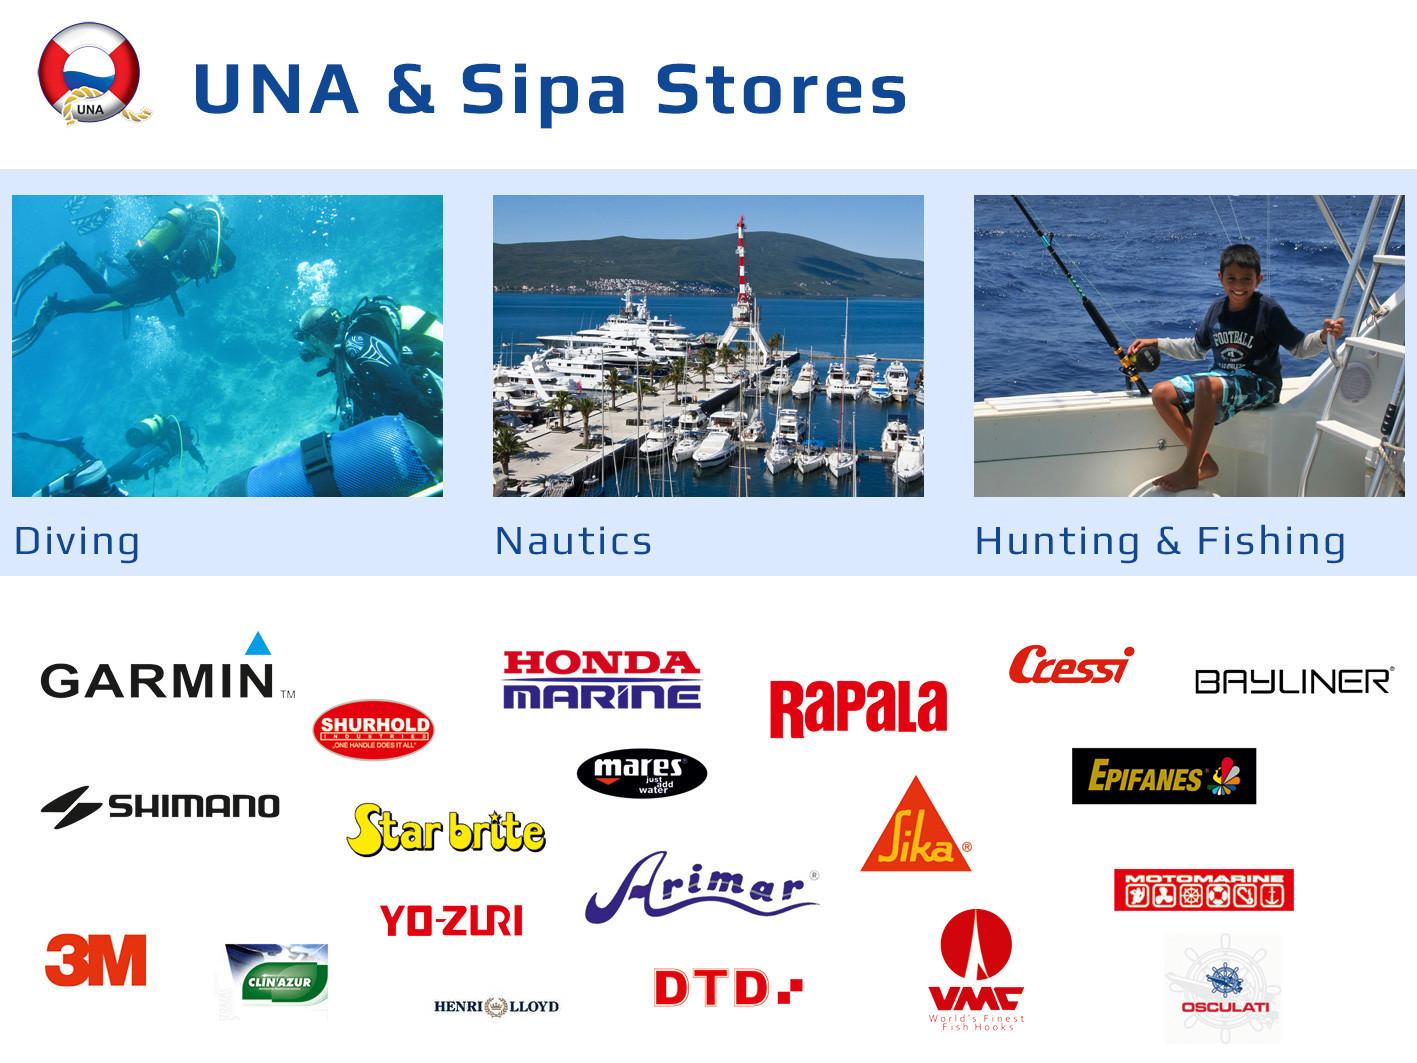 UNA & Sipa Stores
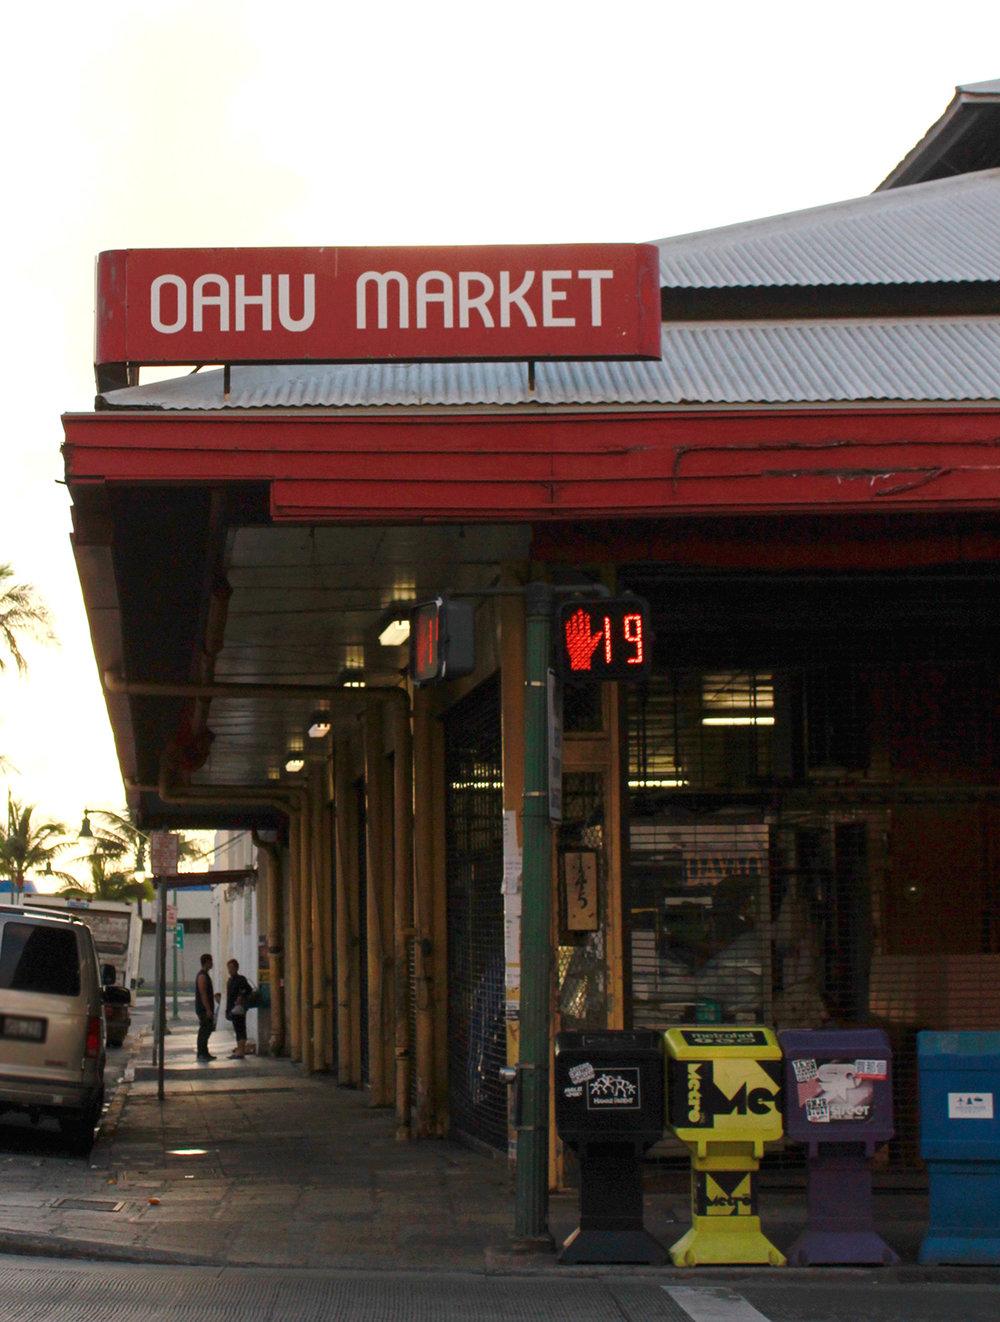 HistoricChinatown_OahuMarket.jpg
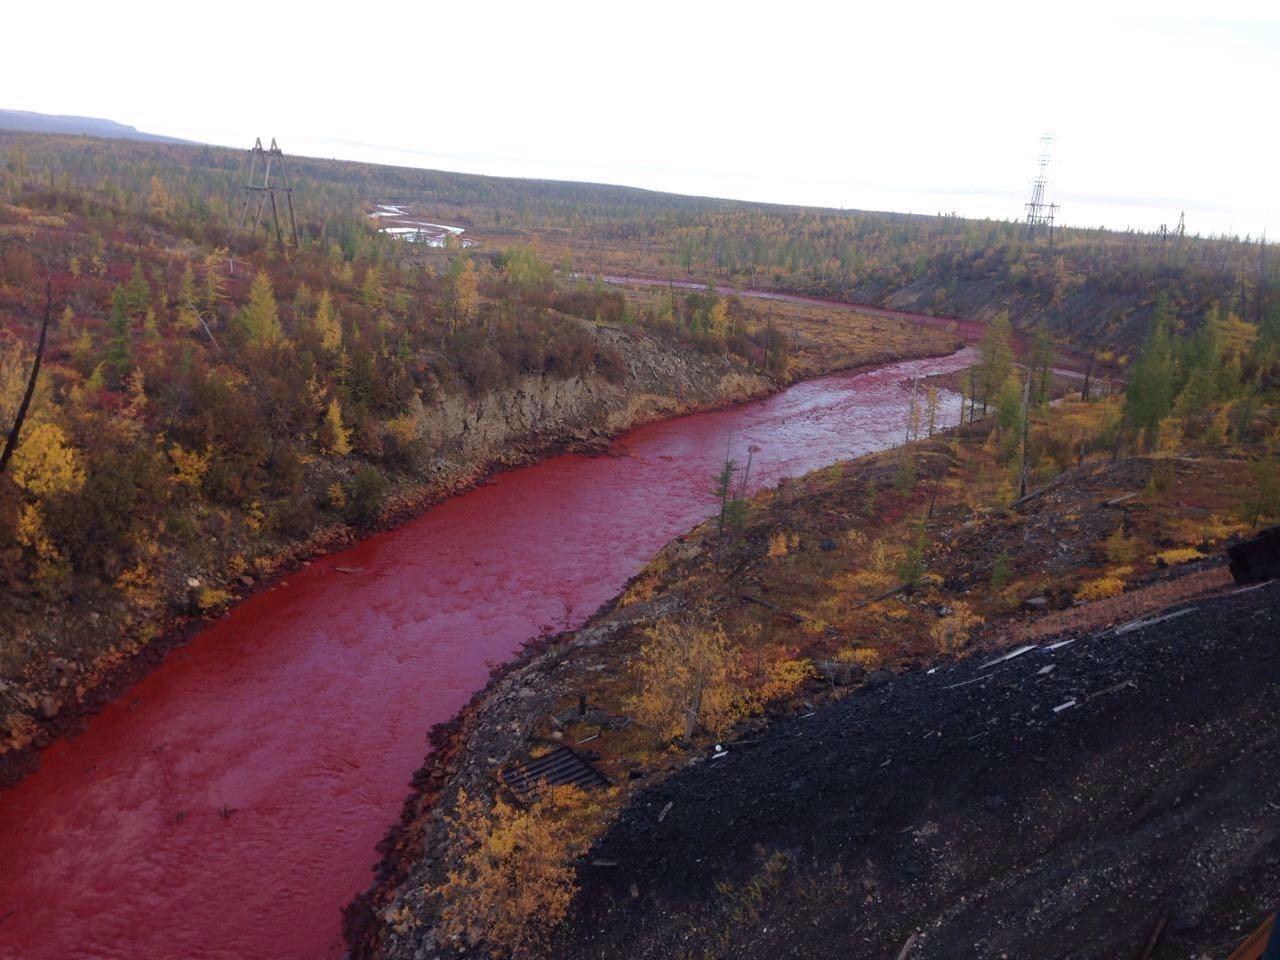 В реку Запорожской области сливают токсичные отходы: смотри фото ...
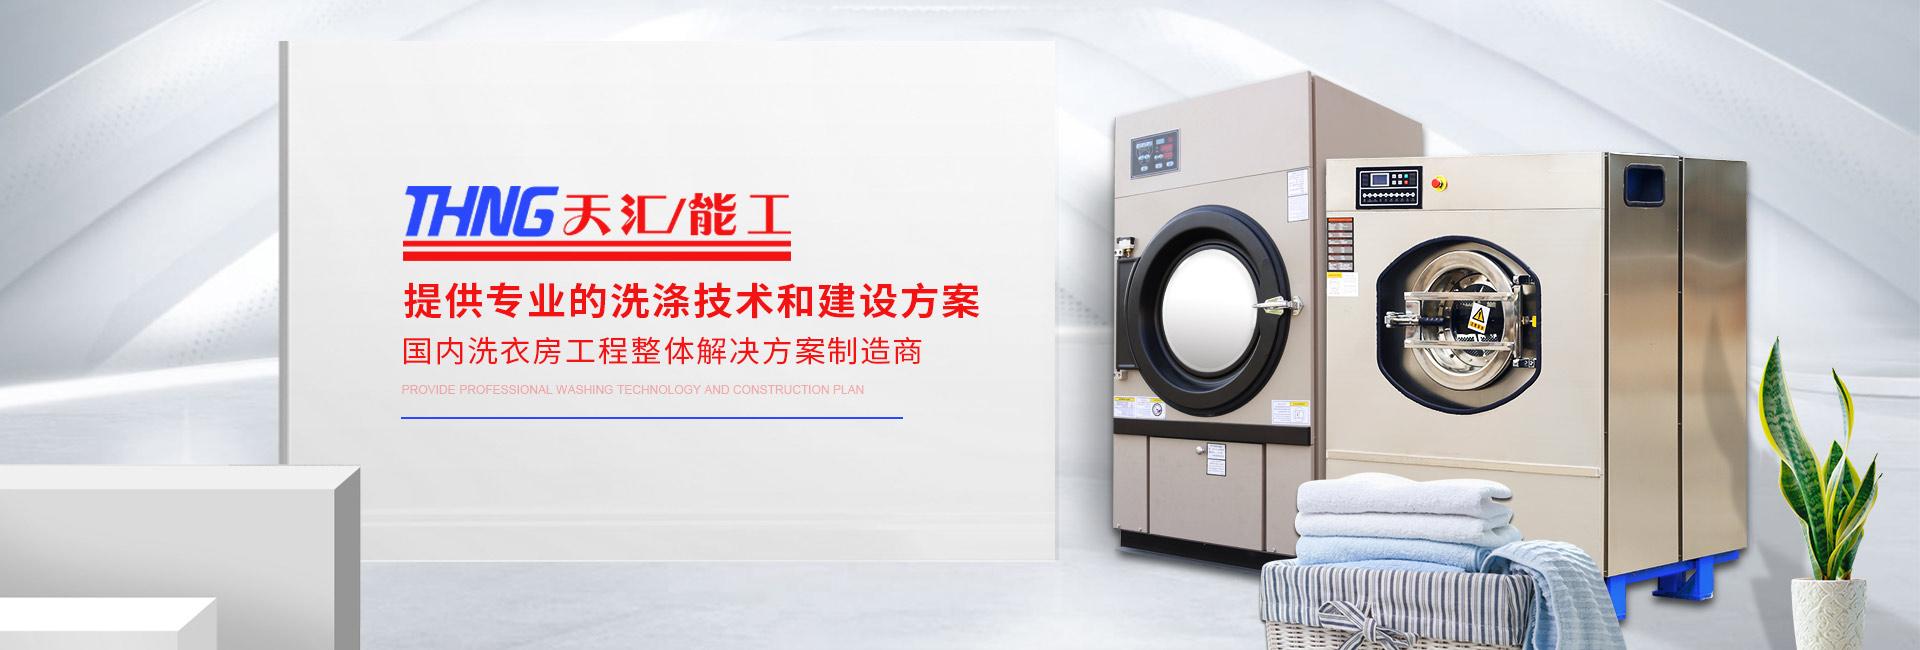 成都工业洗衣机
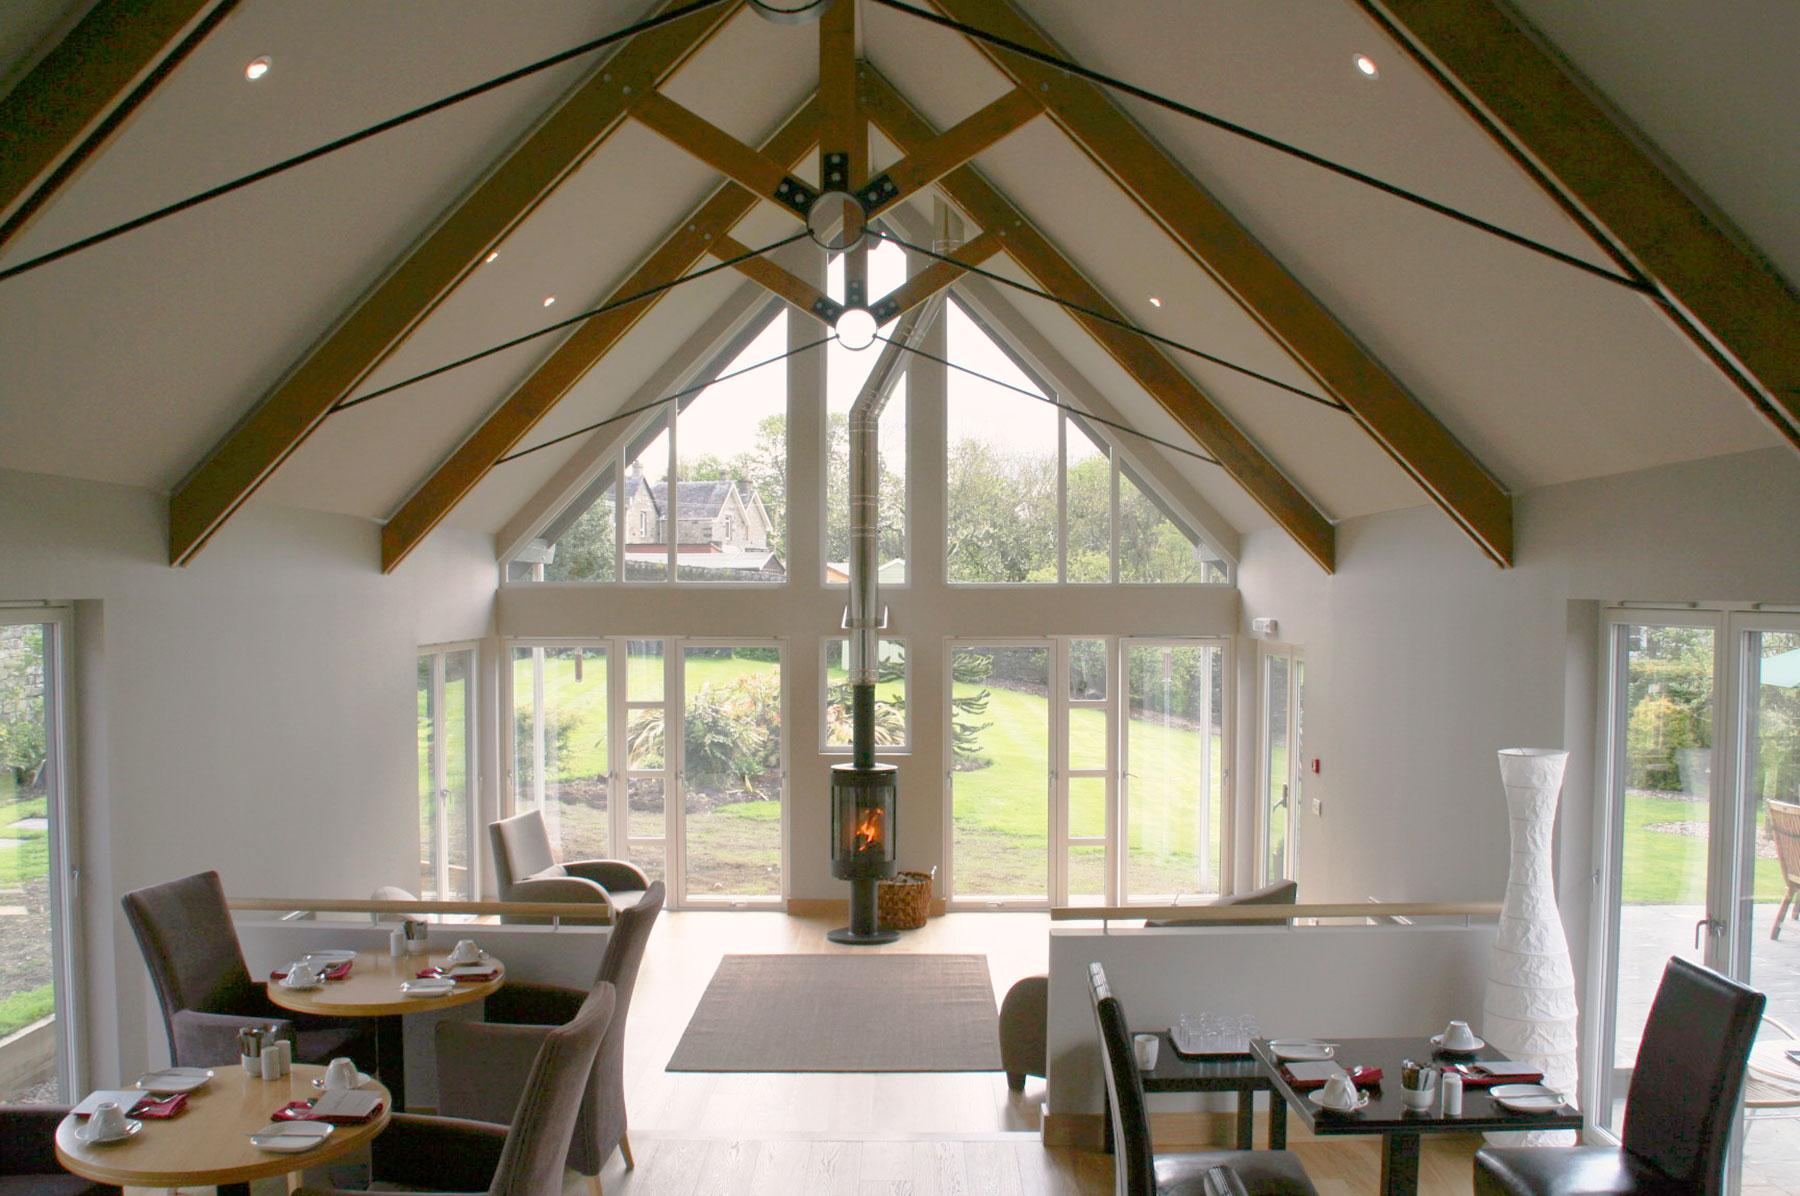 Cragatin design Pitlochry
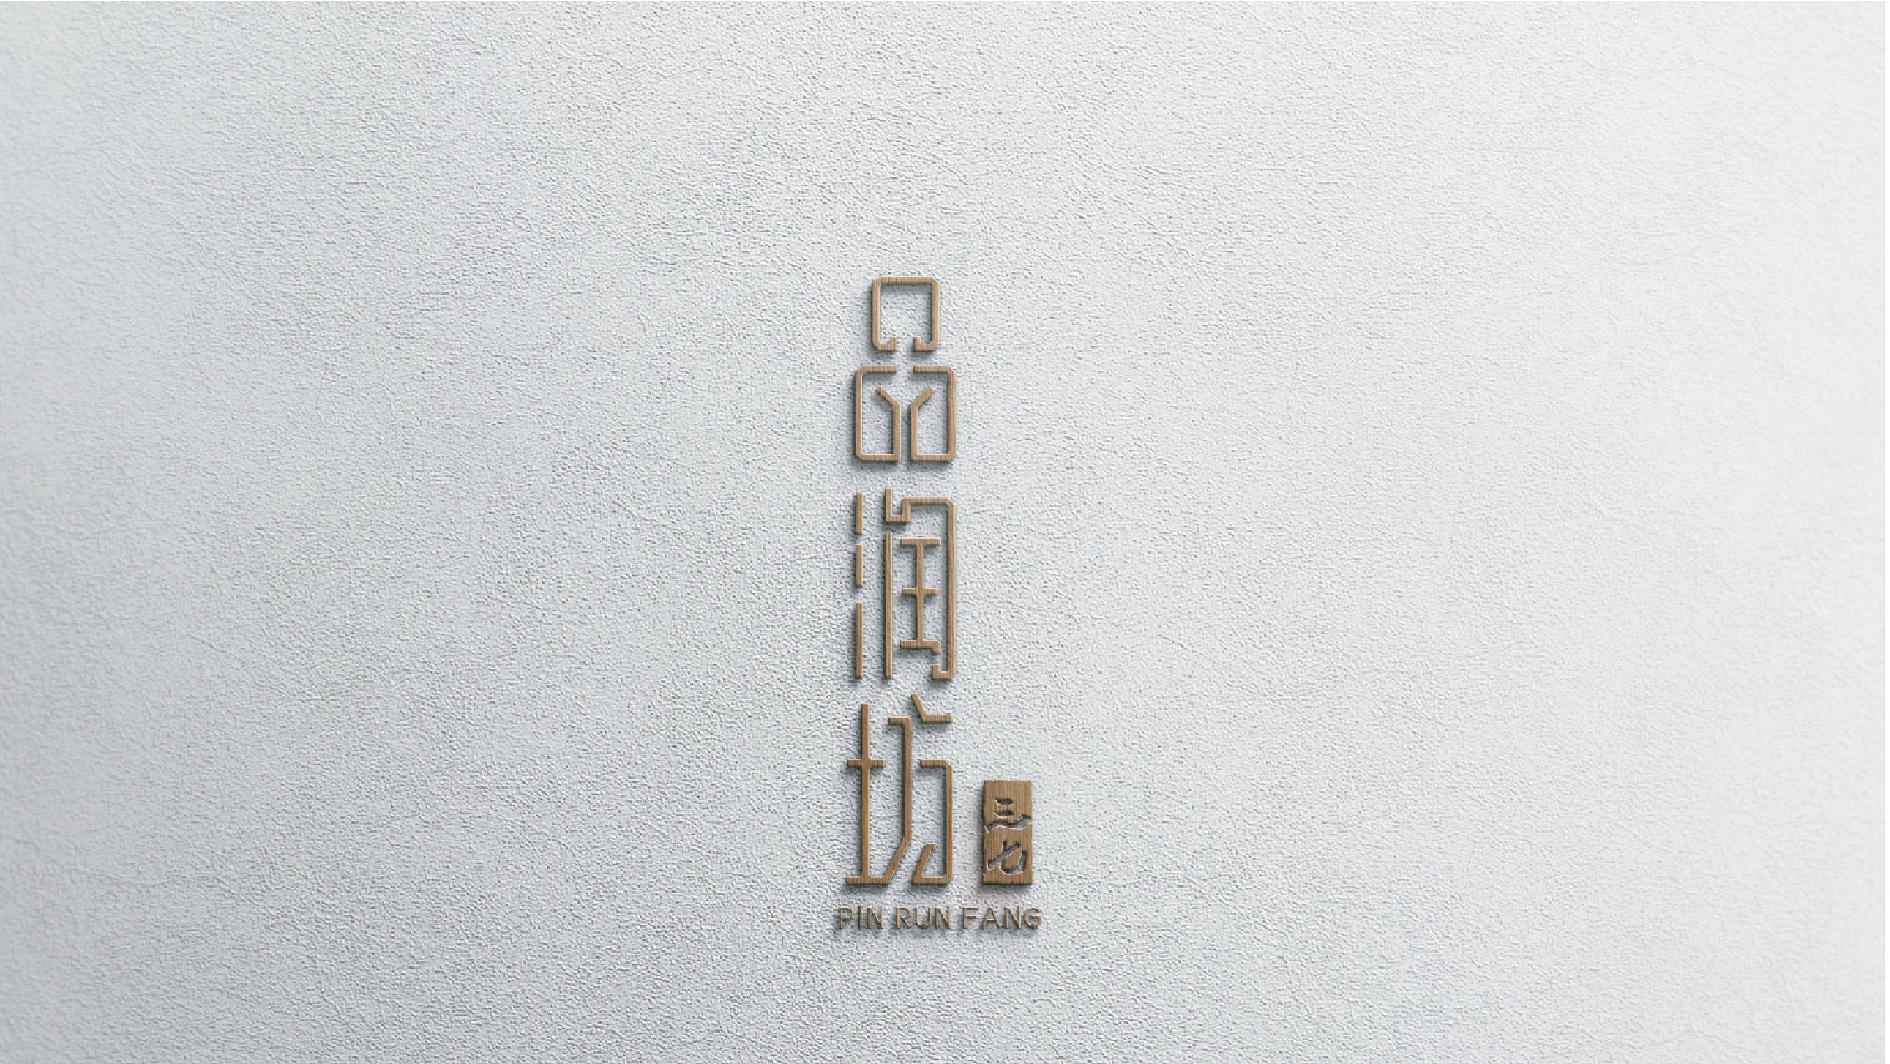 品润坊-品润坊-05
########
[WHAT THE EXERCISE ASKS]: What is needed is every record above, returned exactly, with the pictures omitted.

[REPLY]:
 UNA & Sipa Stores
 HistoricChinatown_OahuMarket.jpg
 В реку Запорожской области сливают токсичные отходы: смотри фото ...
 成都工业洗衣机
 Cragatin design Pitlochry
 品润坊-品润坊-05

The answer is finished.